The Canon PowerShot G12 and the Sony Cyber-shot DSC-HX400V are two digital cameras that were revealed to the public, respectively, in September 2010 and February 2014. Both the G12 and the HX400V are fixed lens compact cameras that are based on a 1/1.7-inch (G12) and a 1/2.3-inch (HX400V) sensor. The Canon has a resolution of 10 megapixels, whereas the Sony provides 20.2 MP.

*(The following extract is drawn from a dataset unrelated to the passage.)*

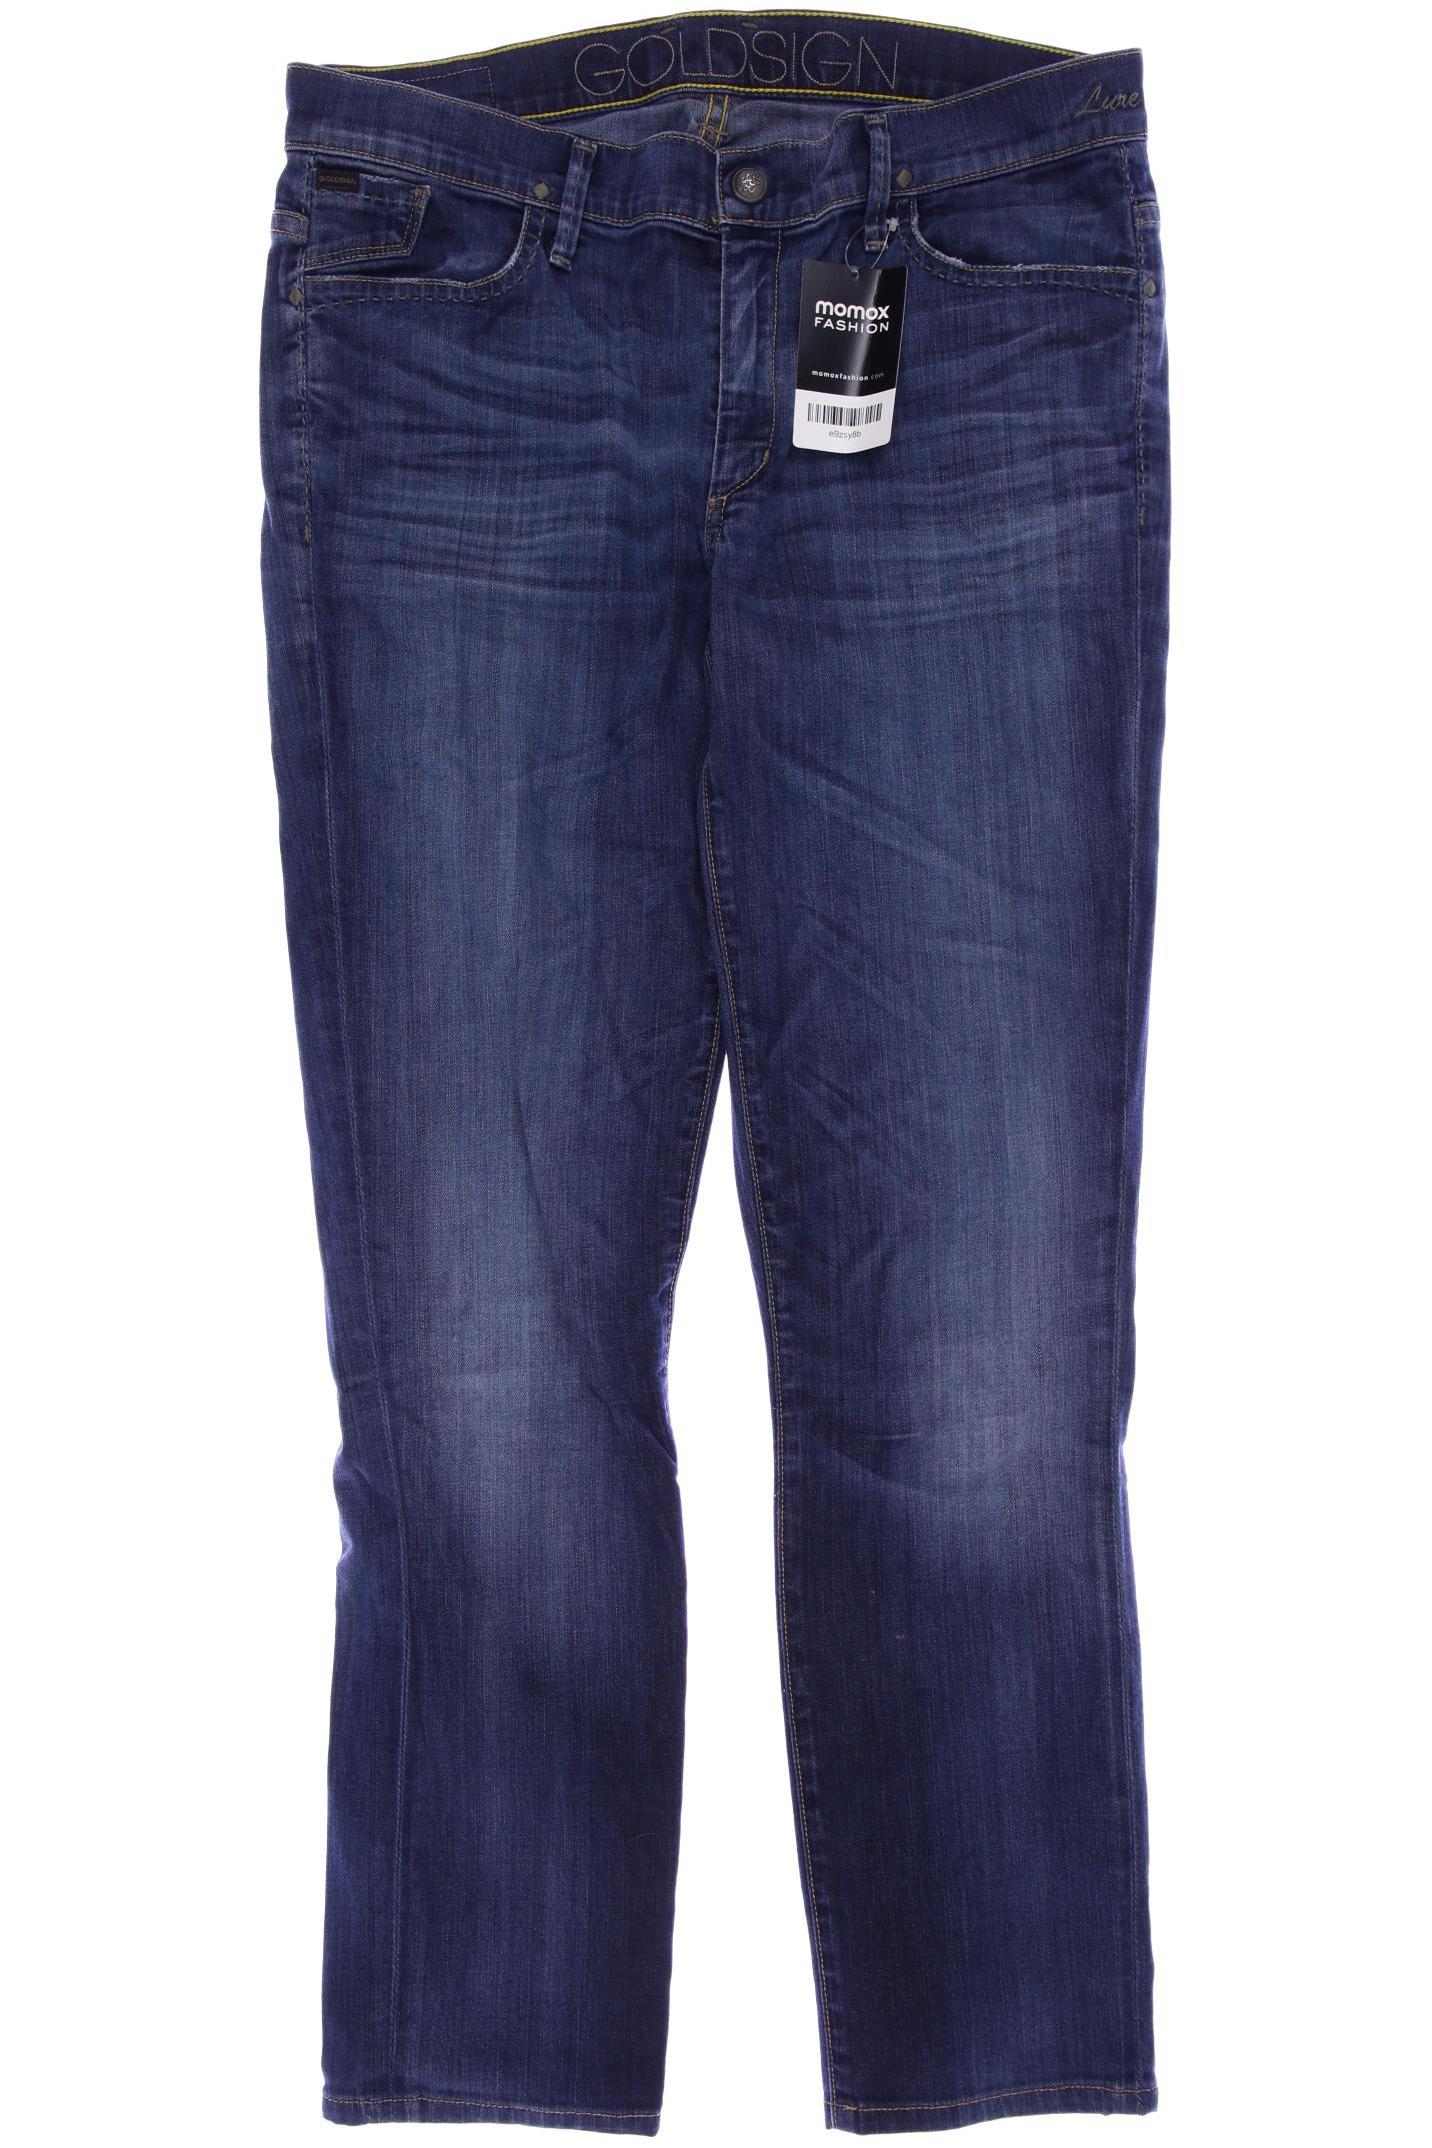 GoldSign Damen Jeans, marineblau, Gr. 42 von GoldSign

Below is an overview of the main specs of the two cameras as a starting point for the comparison.

Headline Specifications
Canon G12 versus Sony HX400V
Canon G12 Sony HX400V
Fixed lens compact camera Fixed lens compact camera
28-140mm f/2.8-4.5 24-1200mm f/2.8-6.3
10 MP, 1/1.7" Sensor 20.2 MP, 1/2.3" Sensor
720/24p Video 1080/60p Video
ISO 80-3,200 (80 - 12,800) ISO 80-3,200 (80 - 12,800)
Optical viewfinder Electronic viewfinder (210k dots)
2.8 LCD, 461k dots 3.0 LCD, 921k dots
Swivel screen (not touch-sensitive) Tilting screen (not touch-sensitive)
1.1 shutter flaps per second 10 shutter flaps per second
370 shots per battery charge300 shots per battery charge
112 x 76 x 48 mm, 401 g 130 x 93 x 103 mm, 660 g

Going beyond this snapshot of core features and characteristics, what are the differences between the Canon PowerShot G12 and the Sony Cyber-shot DSC-HX400V? Which one should you buy? Read on to find out how these two cameras compare with respect to their body size, their imaging sensors, their shooting features, their input-output connections, and their reception by expert reviewers.

Body comparison

The physical size and weight of the Canon G12 and the Sony HX400V are illustrated in the side-by-side display below. The two cameras are presented according to their relative size. Three consecutive perspectives from the front, the top, and the back are available. All width, height and depth measures are rounded to the nearest millimeter.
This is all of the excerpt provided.